• [TASK]: Please repeat the lines below, exactly and only, from the one that holds "22-square lilac velvet" through the one that holds "The Great Ace".

• [INFORMATION]:
==*==

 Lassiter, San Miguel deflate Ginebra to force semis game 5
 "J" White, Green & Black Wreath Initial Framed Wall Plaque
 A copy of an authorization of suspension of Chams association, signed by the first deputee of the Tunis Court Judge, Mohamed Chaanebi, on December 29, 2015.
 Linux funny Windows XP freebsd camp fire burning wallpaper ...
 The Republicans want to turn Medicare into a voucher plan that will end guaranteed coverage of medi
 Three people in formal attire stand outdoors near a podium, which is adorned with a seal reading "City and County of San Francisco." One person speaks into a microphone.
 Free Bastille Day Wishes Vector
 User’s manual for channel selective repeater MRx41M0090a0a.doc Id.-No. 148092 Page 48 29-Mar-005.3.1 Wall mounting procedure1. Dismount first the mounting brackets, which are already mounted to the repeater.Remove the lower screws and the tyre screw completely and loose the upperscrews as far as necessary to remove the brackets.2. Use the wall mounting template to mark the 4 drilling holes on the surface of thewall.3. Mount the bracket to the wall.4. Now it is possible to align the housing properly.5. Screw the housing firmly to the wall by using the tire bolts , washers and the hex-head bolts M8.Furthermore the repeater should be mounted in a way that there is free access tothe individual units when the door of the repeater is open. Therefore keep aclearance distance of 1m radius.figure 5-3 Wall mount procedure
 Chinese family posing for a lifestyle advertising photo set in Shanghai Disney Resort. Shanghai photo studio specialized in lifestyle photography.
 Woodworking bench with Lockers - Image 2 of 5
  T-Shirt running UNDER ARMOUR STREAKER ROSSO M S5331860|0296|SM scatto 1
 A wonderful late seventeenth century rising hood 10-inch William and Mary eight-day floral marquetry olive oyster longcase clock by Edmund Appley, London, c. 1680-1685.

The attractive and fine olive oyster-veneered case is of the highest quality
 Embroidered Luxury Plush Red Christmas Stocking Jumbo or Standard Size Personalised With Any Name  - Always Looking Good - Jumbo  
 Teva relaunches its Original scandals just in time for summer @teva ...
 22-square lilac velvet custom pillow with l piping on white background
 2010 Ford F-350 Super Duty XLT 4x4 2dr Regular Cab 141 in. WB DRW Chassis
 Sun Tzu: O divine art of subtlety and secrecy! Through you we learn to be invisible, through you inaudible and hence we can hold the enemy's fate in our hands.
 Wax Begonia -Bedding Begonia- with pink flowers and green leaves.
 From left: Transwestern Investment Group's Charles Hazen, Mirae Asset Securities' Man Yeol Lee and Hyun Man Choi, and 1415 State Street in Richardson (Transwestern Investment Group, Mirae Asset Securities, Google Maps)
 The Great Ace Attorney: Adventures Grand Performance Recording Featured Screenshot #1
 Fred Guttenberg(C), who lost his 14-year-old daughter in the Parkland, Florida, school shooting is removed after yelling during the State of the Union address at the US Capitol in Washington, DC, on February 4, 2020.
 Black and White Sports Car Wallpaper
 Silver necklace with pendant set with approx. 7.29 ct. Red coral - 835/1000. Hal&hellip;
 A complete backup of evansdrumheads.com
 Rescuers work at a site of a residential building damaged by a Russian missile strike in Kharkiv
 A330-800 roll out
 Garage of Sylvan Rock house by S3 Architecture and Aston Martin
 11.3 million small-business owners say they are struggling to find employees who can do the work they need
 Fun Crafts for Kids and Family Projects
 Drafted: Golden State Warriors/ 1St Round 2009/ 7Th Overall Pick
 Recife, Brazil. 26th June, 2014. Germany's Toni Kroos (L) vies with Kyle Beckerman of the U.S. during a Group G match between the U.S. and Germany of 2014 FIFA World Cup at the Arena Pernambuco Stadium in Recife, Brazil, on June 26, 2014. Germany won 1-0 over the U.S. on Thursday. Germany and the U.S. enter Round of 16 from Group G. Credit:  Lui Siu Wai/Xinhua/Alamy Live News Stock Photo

==*==

• [TASK SOLUTION]:
 22-square lilac velvet custom pillow with l piping on white background
 2010 Ford F-350 Super Duty XLT 4x4 2dr Regular Cab 141 in. WB DRW Chassis
 Sun Tzu: O divine art of subtlety and secrecy! Through you we learn to be invisible, through you inaudible and hence we can hold the enemy's fate in our hands.
 Wax Begonia -Bedding Begonia- with pink flowers and green leaves.
 From left: Transwestern Investment Group's Charles Hazen, Mirae Asset Securities' Man Yeol Lee and Hyun Man Choi, and 1415 State Street in Richardson (Transwestern Investment Group, Mirae Asset Securities, Google Maps)
 The Great Ace Attorney: Adventures Grand Performance Recording Featured Screenshot #1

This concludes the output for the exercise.